Pinehurst No. 2 course superintendent John Jeffrey ‘00 (B.S. agronomy, with a turfgrass concentration) says those were not the reasons for bringing native plants and pollinators back to the golf course, which originally was built under Ross’s watchful eye in 1907. They were, however, happy benefits of returning the course to Ross’s original design, as seen in a high-definition photo taken by a Fort Bragg aviator on Christmas Day in 1943.
We can give the community what it wants but also make sure it is environmentally thoughtful and fostering of biodiversity.
“It showed the course the way it was before it had irrigation lines planted underground and before there was bermudagrass planted off the fairways,” he says. “It’s the way Ross intended for it to look.”
Carley is proud of her role in that outcome. She maintains a regular relationship with the superintendents and maintenance staff at the course, where she’s welcome to arrive in her car with the “Bee Hugger” bumper sticker, grab a golf cart and show off the native plants and pollinators she and her graduate students have catalogued during their 15 years of research at the course.
In the end, this year’s Open will be one of the most sustainable ever conducted by the USGA, which says this championship will be the 1,000th ever conducted by American golf’s governing body.

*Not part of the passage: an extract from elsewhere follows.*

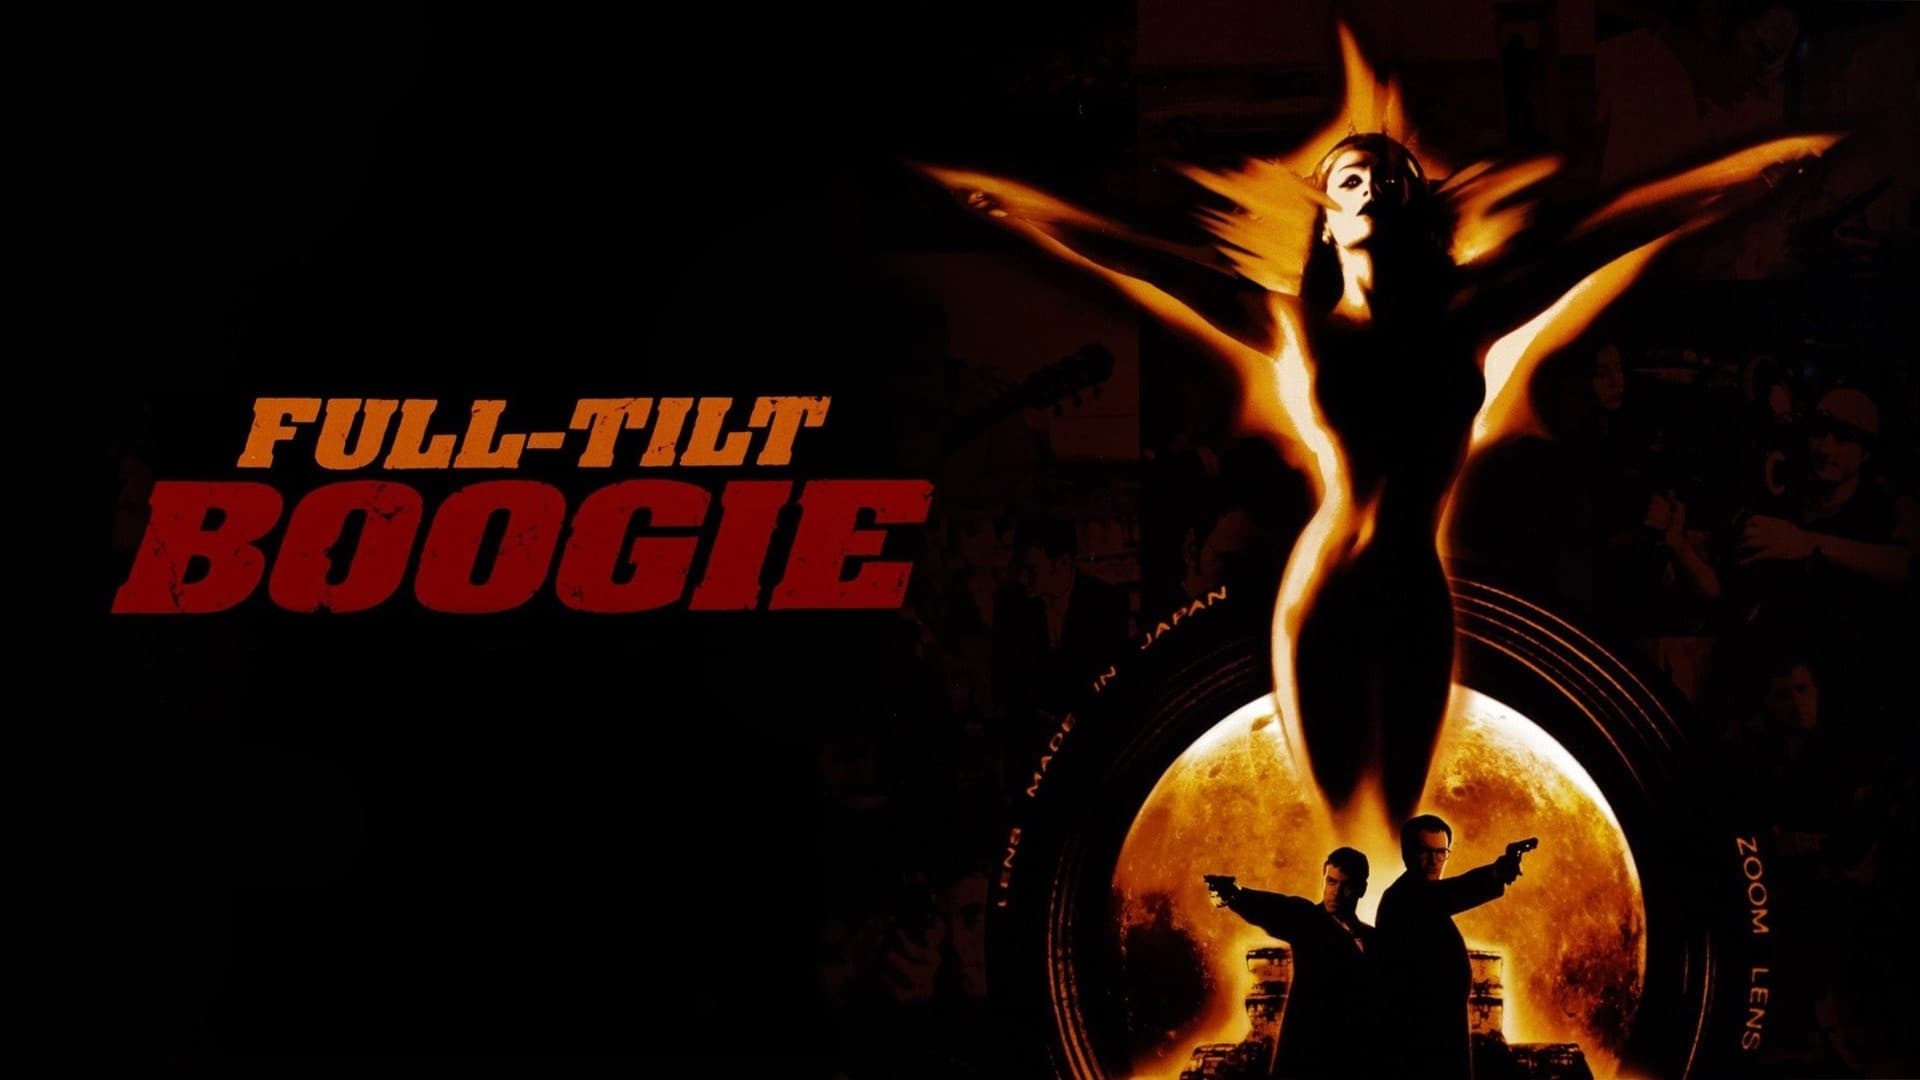 Full Tilt Boogie (1998)

It’s a benefit of the USGA’s designation of Pinehurst No. 2 in 2020 as its first anchor site, with the Open returning this year and in 2029, ’35 and ’47.

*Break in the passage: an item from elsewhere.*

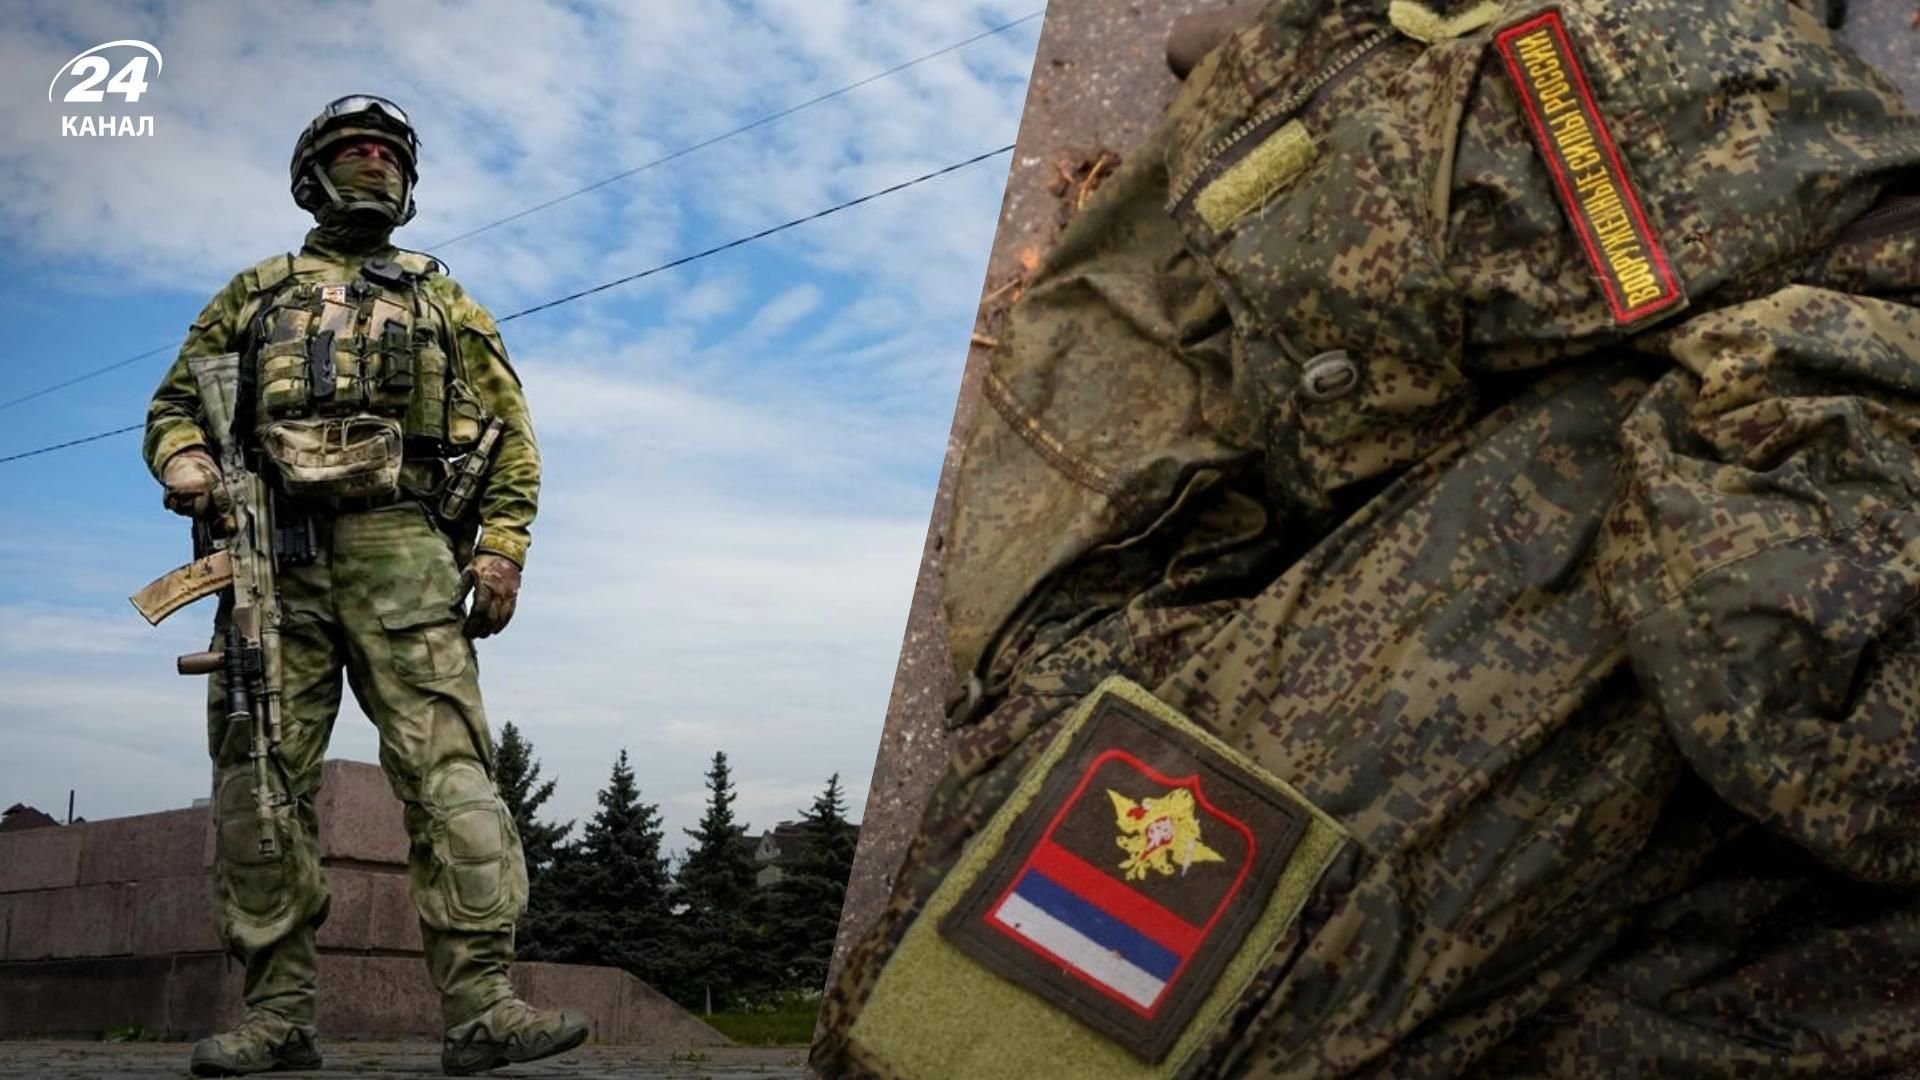 Скільки російських військових на території Білорусі - пояснення ГУР МО

In the aftermath of replacing the course’s bentgrass greens with ultradwarf bermudagrass following the 2014 Opens, the resort also buried utility lines that replaced the need for portable generators during the competition, saving some 50,000 gallons of diesel fuel, and added permanent water lines to aid concession and corporate hospitality suites.
So the 40,000 spectators per day who will be on the grounds for practice and competition rounds will leave a smaller footprint on the environment. That, coupled with Carley’s research, is a huge benefit to North Carolina’s golf industry, just as NC State’s Lonnie Poole Golf Course has been since it opened on Centennial Campus in 2009.
And that’s something both Carley and her parents can appreciate.